The only thing left was to play the game itself.
You begin your journey in a Viking land where humans and the oversized and horned Varl live in tentative peace after battling back the robot-esque hordes of Dredge. The sun has stalled in the sky, bringing eternal, cold daylight just as the Dredge have mysteriously returned. As you travel to keep ahead of the encroaching baddies, things quickly grow bleak. Forced to make difficult choices about whom to take into battle and whom to trust, players must balance supplies and the morale of the caravan. What seem like good decisions can come back to haunt you, but it only makes the journey feel more personal.
Battles take the form of turn-based challenges, pitting your cunning against your enemy's. If you haven't played Factions, these take time to master even on the easiest difficulty setting. Things get increasingly complicated as skirmishes grow in scope and you lead entire armies onto the battlefield. After making a few decisions about the nature of your army's attack, players are greeted by the same grid-based battlefield they've come to know. However, this time your losses and victories are expanded to your caravan as a whole, thinning your ranks.

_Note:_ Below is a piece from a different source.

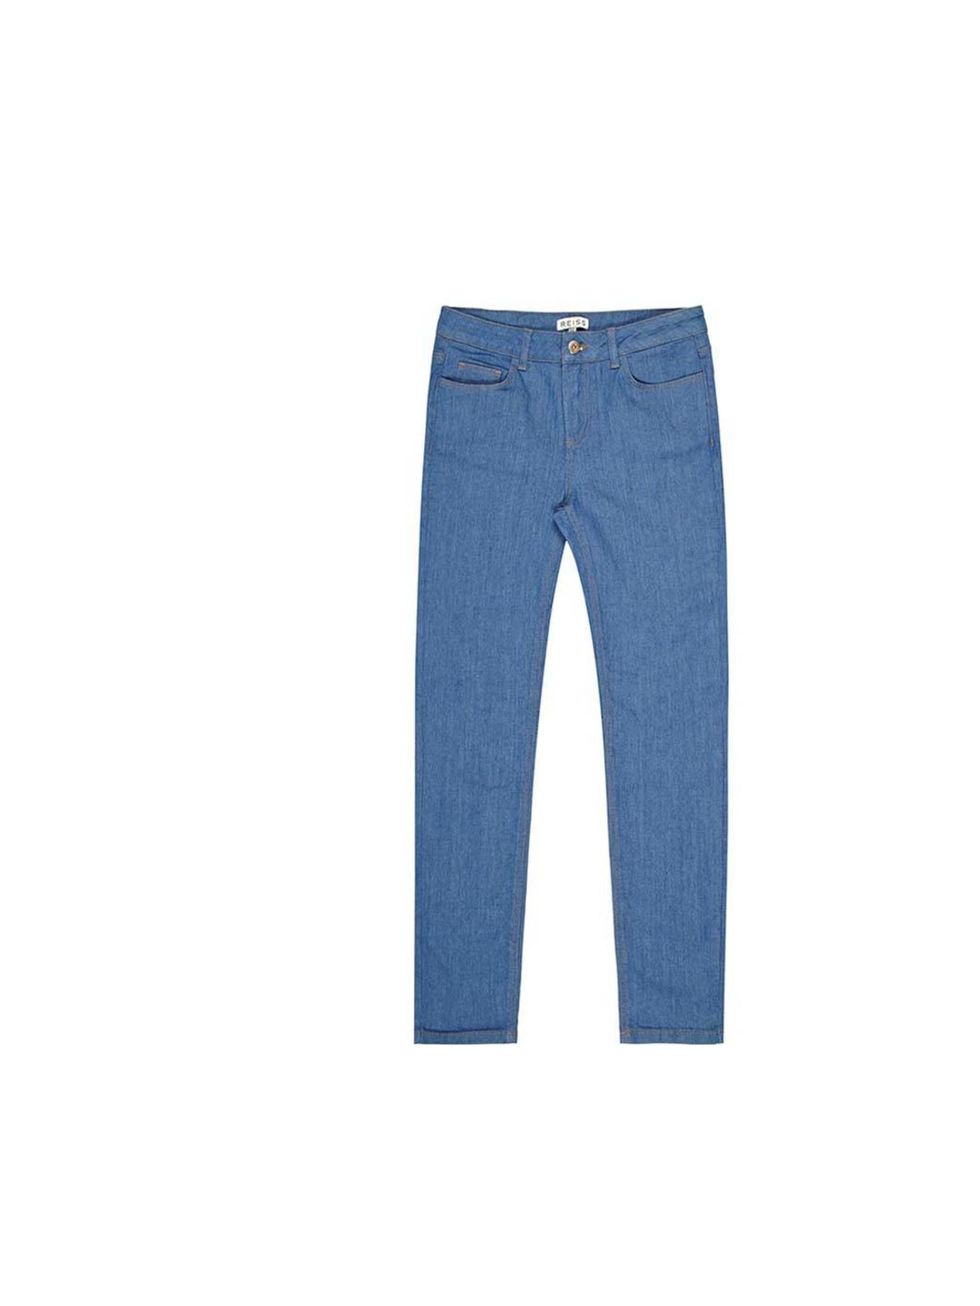 <p>They say imitation is the sincerest form of flattery - so pair these with heels and an oversized white top in homage to Debbie Morgan, ELLE's Editorial Business Manager.</p><p><a href="http://www.reiss.com/womens/jeans/smith-cropped/french-blue/">Reiss

Strategy games aren't known for their accessibility, and The Banner Saga is no different. Don't let the majestic art design and rousing score fool you. Mistakes on the battlefield are dealt with severely. But these relentless struggles only make hard-won victories all the more sweet.
Stoic has expertly navigated the Wild West of crowdfunding and come out the other side with a product that looks and plays like a much bigger studio made it. Let's hope other studios were taking notes.